Figure 1 shows how to set up your relational tables to create the two underlying cubes for the virtual cube. You build the Security cube from the Security Facts table and build the Primary cube from the Primary Facts table. Both cubes share the dimension that you'll secure. In Figure 1, the secure dimension is the Customers dimension. The Primary cube can have many dimensions, but I use only one in this example—the Other dimension.
The Security cube has one measure, SFAccess. Each record in the Security Facts table contains one combination of a user and a customer. If the user is allowed to view the associated customer, the SFAccess field contains a 1. When you create the Security cube, you need to configure the SFAccess measure to be aggregated as a Max aggregation type. This configuration means that Analysis Services can verify a user's permissions to access any dimension member at an intermediate level of the Customers dimension; just as in a leaf level, if SFAccess is 1, the user has access. Because the SFAccess measure is aggregated, only the intermediate dimension members that have descendants with non-zero values will be non-zero themselves.
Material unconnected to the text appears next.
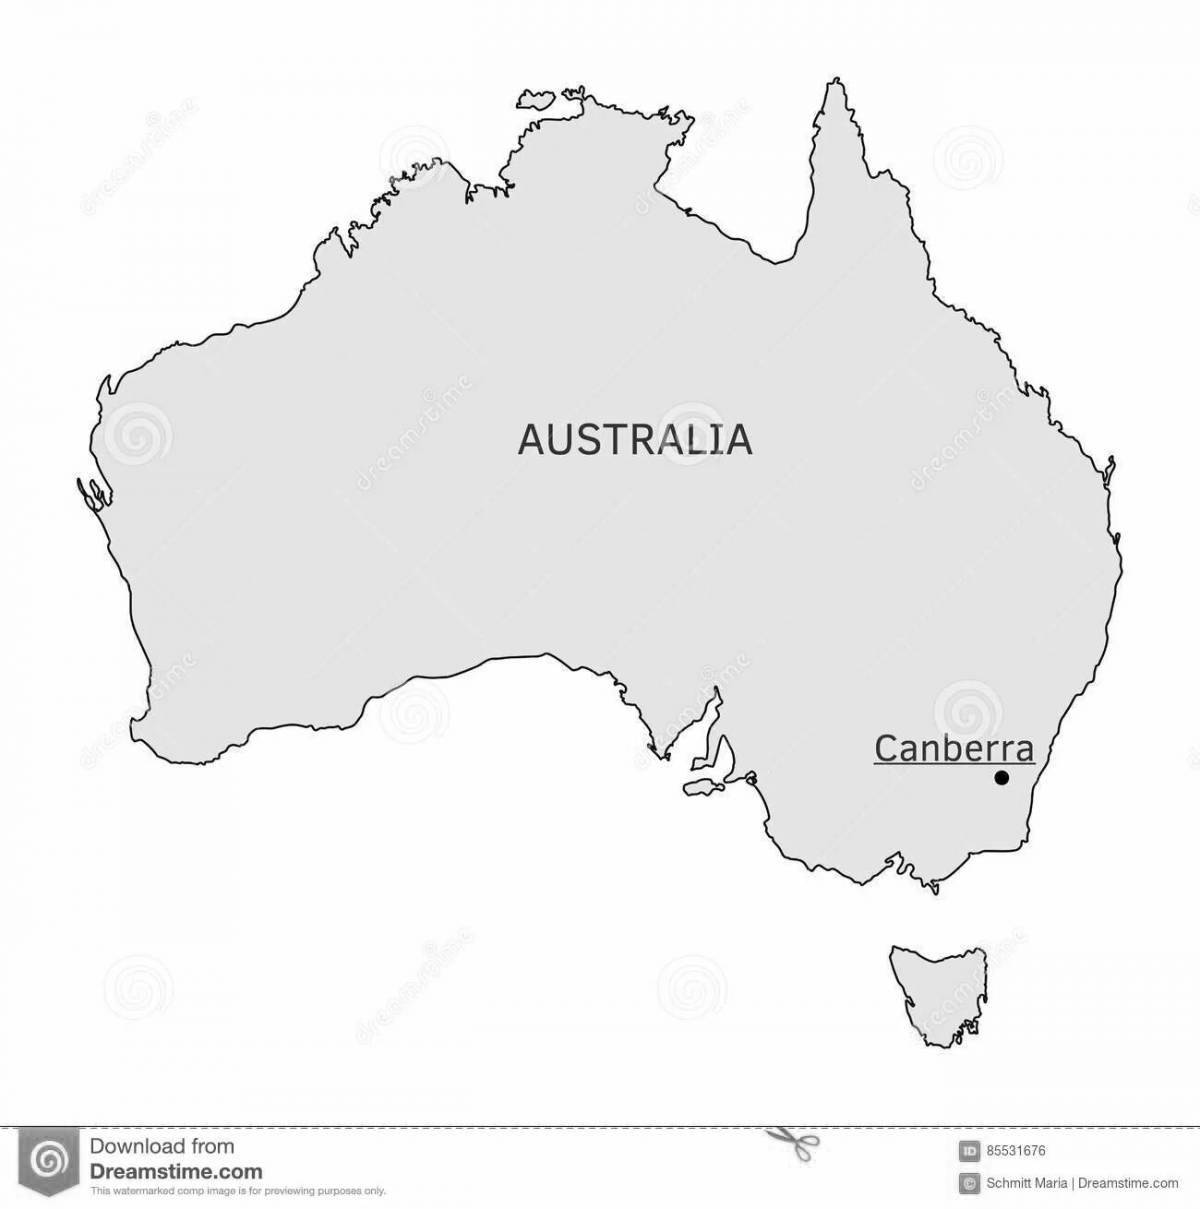 Раскраска уникальная карта австралии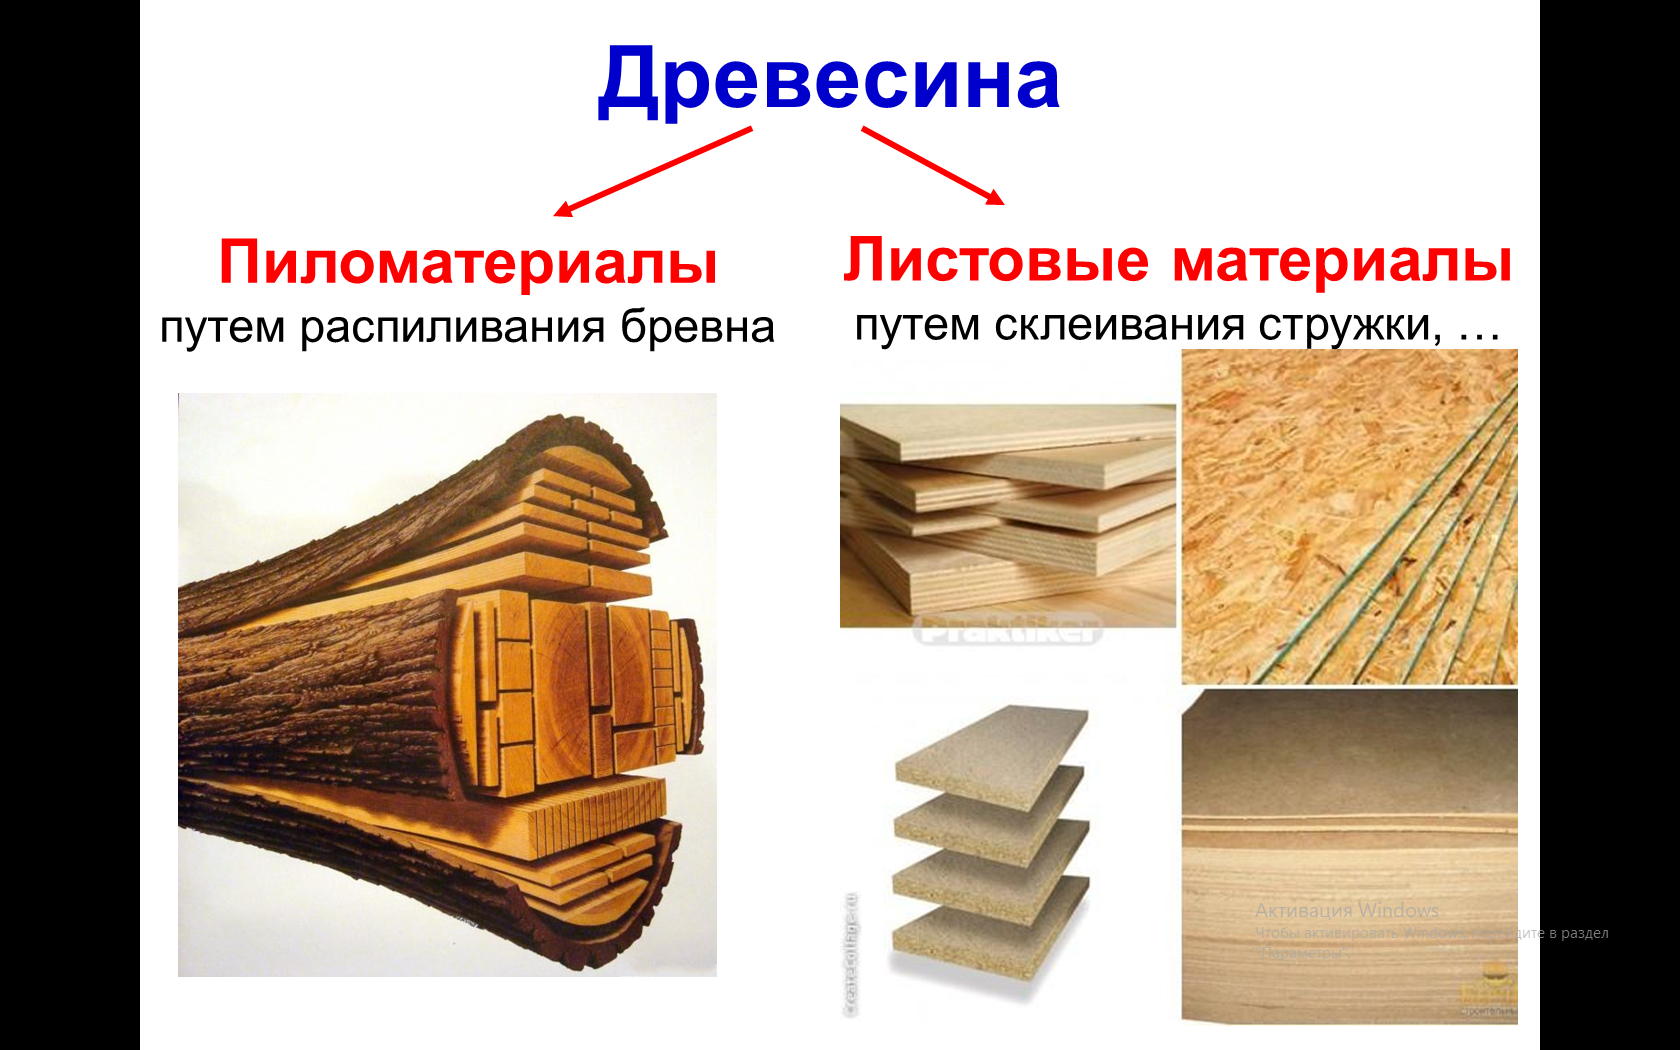 Виды деревообработки. Древесина и пиломатериалы. Пиломатериалы и древесные материалы. Древесина и древесные материалы. Пиломатериалы из древесины.

I tested this solution by using the FoodMart 2000 database. I created a new cube called Security, which included data from the FoodMart 2000 Customers dimension and my new dimension, Users. After I processed the Security cube in Analysis Manager, I created a virtual cube called Secure Sales. This virtual cube included the original FoodMart Sales cube and my new Security cube. The virtual cube included all the dimensions and measures of the Sales cube, the new Users dimension, and the Security cube's SFAccess measure. Before saving the virtual cube in the Analysis Manager Cube Editor, I changed the properties of the Users dimension and the SFAccess measure so that, in both, the Visibility property was FALSE. This value prevents users from seeing the security information when they browse the Secure Sales cube.
After I processed the Secure Sales cube, I used Analysis Manager to create a new security role. You can create a new role by right-clicking the database that contains the cube you want to secure and selecting Manage Roles. In the Manage Roles window, I created a new role called Secure Customer. On the Membership tab of the Create a Cube Role window, I added the usernames I wanted to have access. In my test, I included the test username RussWhitney and my usual login, rwhitney. Then, on the Dimensions tab, I found the Customers dimension and changed the Rule field from Unrestricted to Custom. This change let me click the ellipses (...) button to open the Custom Dimension Security window, where I selected the Advanced tab to enter an MDX expression for the Allowed Members. I used the expression
FILTER( [Customers]
.[NAME].Members,
( STRTOTUPLE( MID( USERNAME, INSTR(1,
USERNAME, "\") + 1, 128 ) ), [SFAccess] ) = 1 )
which filters out the customers for whom SFAccess isn't 1 for the currently logged-in user. I used the STRTOTUPLE() function to convert a string expression to a member—in this case, the member in the Users dimension that corresponds to the current USERNAME. Notice that I used a couple of VBScript functions—MID() and INSTR()—to determine the latter half of the USERNAME. Remember that USERNAME typically returns a string in the form DOMAIN\USER. The names in the Users dimension include only the second half of this string, so I removed the DOMAIN\ from this formula.